**Work to complete**
Could you print exactly the lines of the listing below, starting at the line that has "Villes du monde" and ending at the line that has "Zoo Praha - Šimpanz - Plakát 30x40 cm", and only those lines?

**Supplied records**
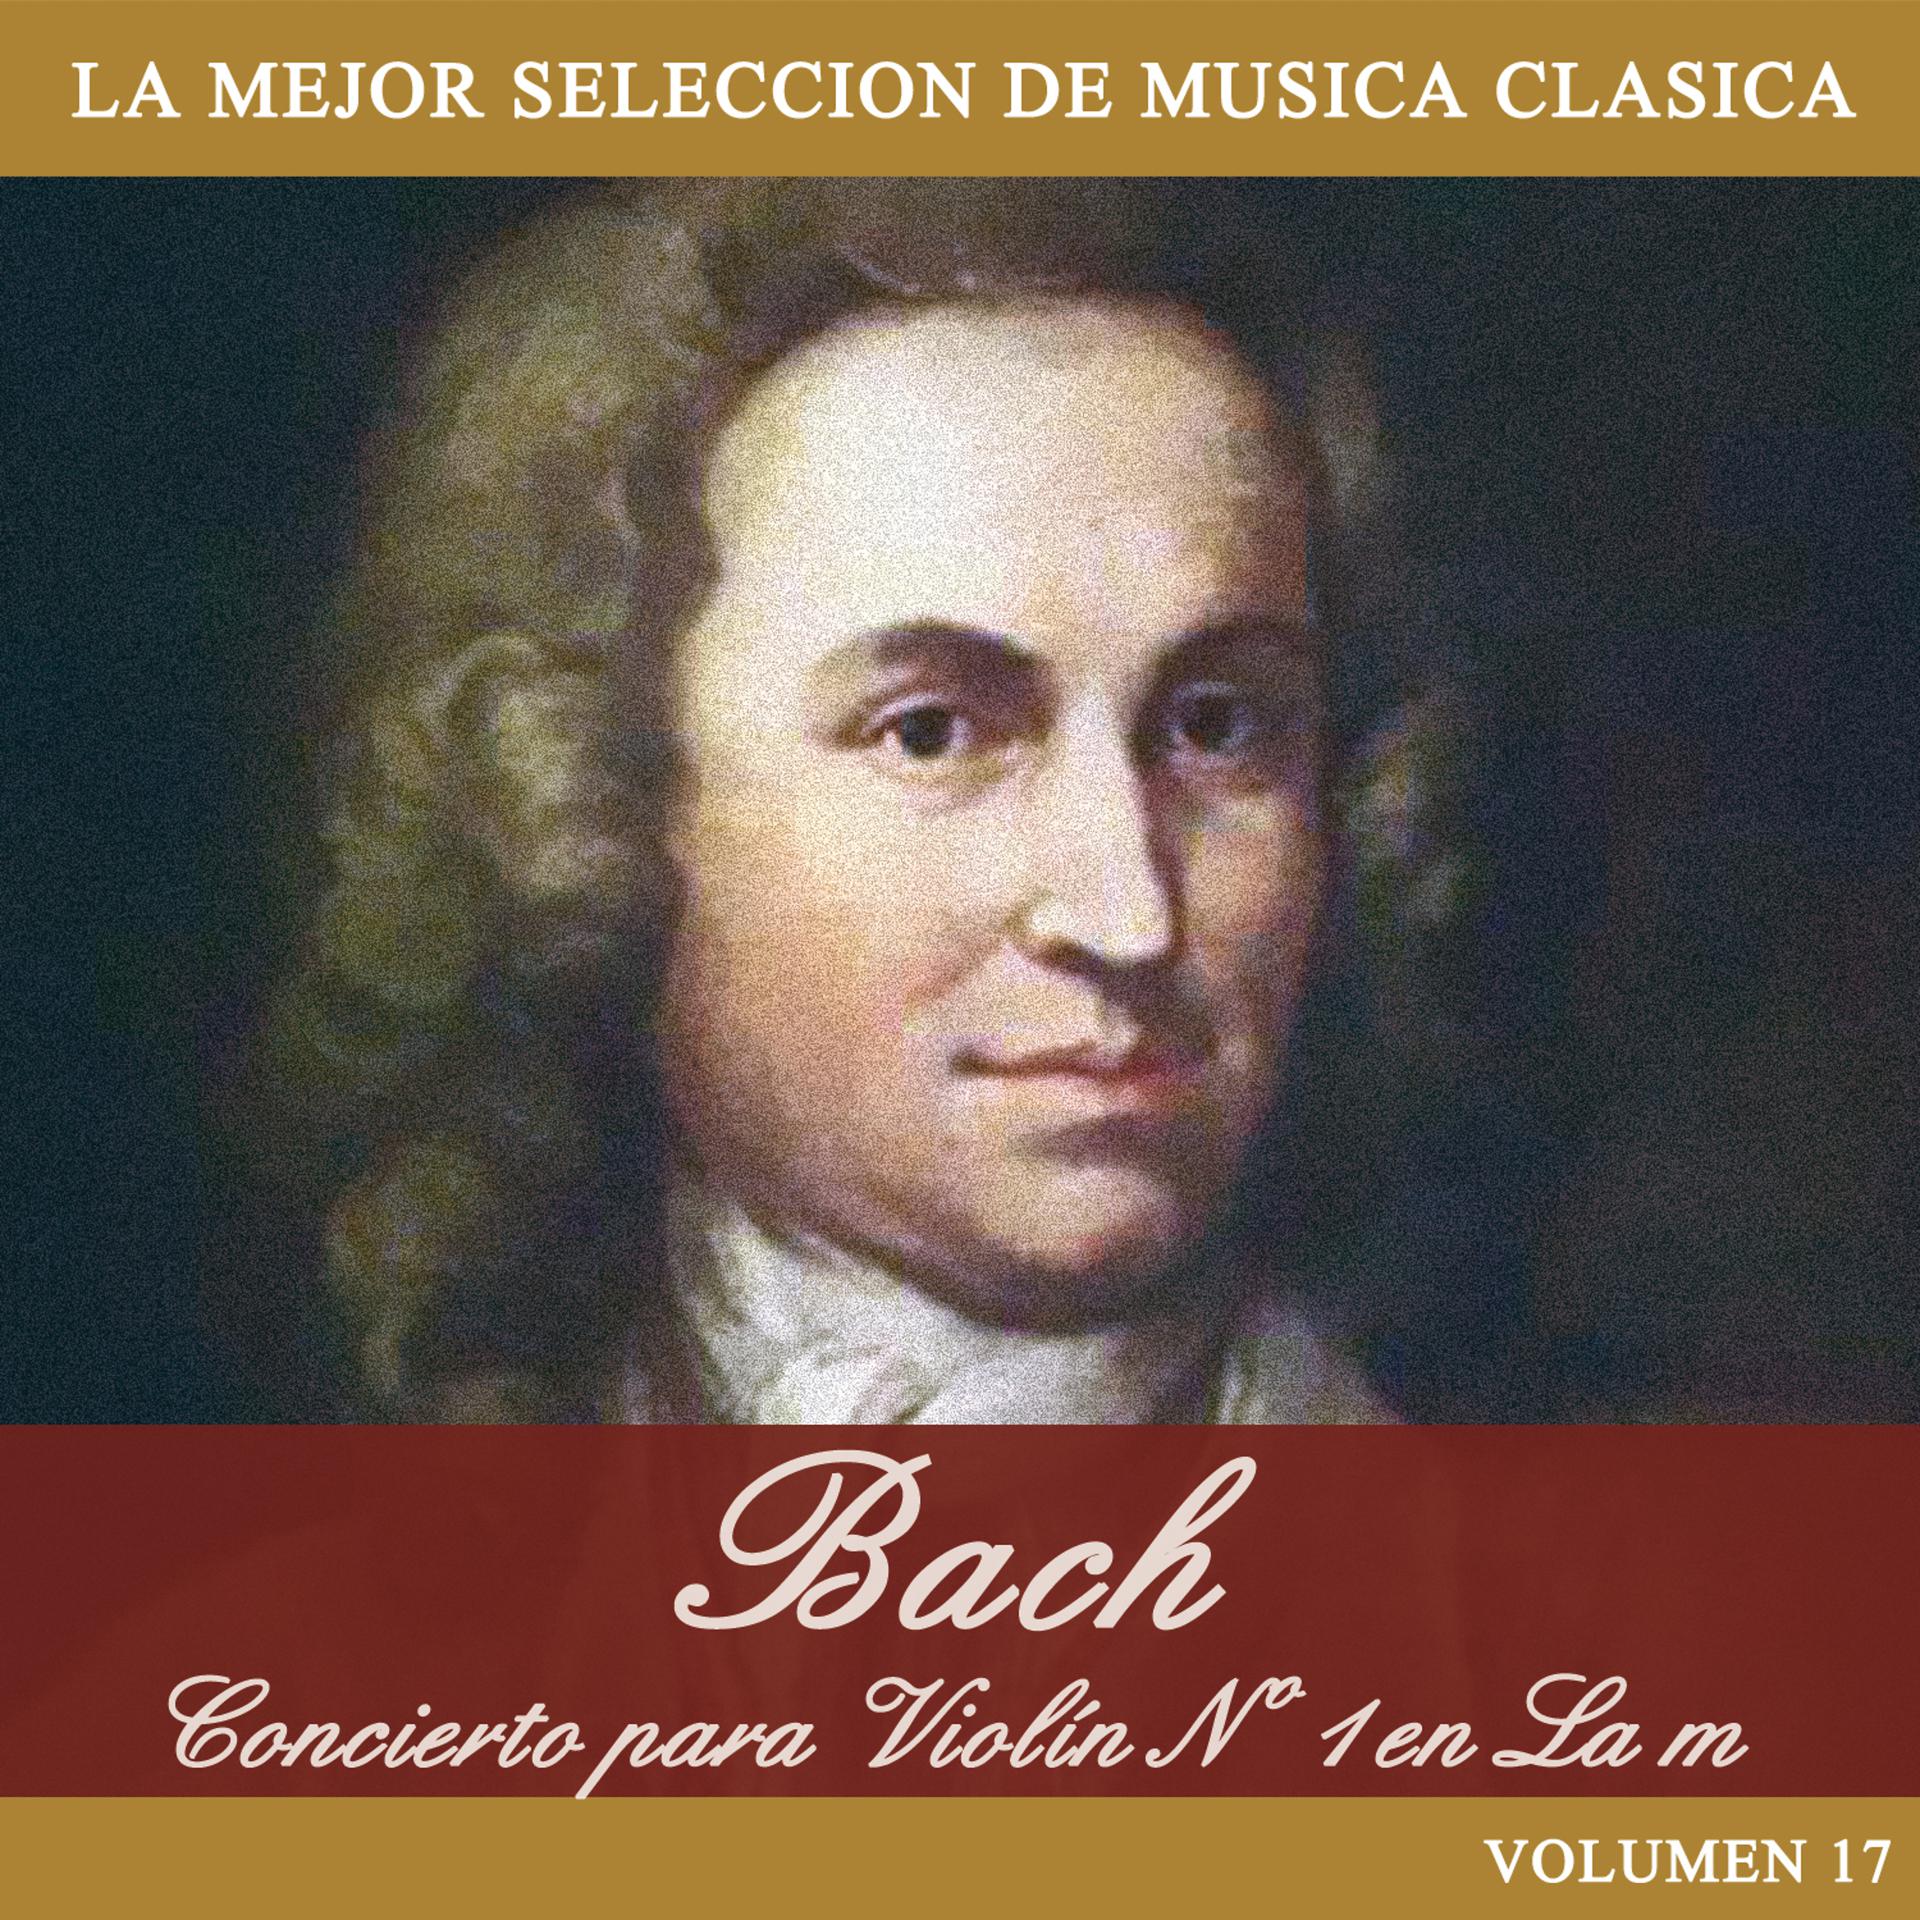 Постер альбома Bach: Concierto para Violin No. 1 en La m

--

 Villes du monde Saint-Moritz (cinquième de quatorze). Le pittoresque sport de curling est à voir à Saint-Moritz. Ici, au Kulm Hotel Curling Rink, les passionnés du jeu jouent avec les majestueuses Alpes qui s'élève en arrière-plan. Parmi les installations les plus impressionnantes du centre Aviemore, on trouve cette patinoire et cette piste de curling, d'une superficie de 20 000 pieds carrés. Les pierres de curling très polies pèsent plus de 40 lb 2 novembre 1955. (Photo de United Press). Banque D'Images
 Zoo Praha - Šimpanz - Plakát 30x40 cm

...

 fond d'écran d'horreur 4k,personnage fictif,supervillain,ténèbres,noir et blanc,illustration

**Expected answer**
 Villes du monde Saint-Moritz (cinquième de quatorze). Le pittoresque sport de curling est à voir à Saint-Moritz. Ici, au Kulm Hotel Curling Rink, les passionnés du jeu jouent avec les majestueuses Alpes qui s'élève en arrière-plan. Parmi les installations les plus impressionnantes du centre Aviemore, on trouve cette patinoire et cette piste de curling, d'une superficie de 20 000 pieds carrés. Les pierres de curling très polies pèsent plus de 40 lb 2 novembre 1955. (Photo de United Press). Banque D'Images
 Zoo Praha - Šimpanz - Plakát 30x40 cm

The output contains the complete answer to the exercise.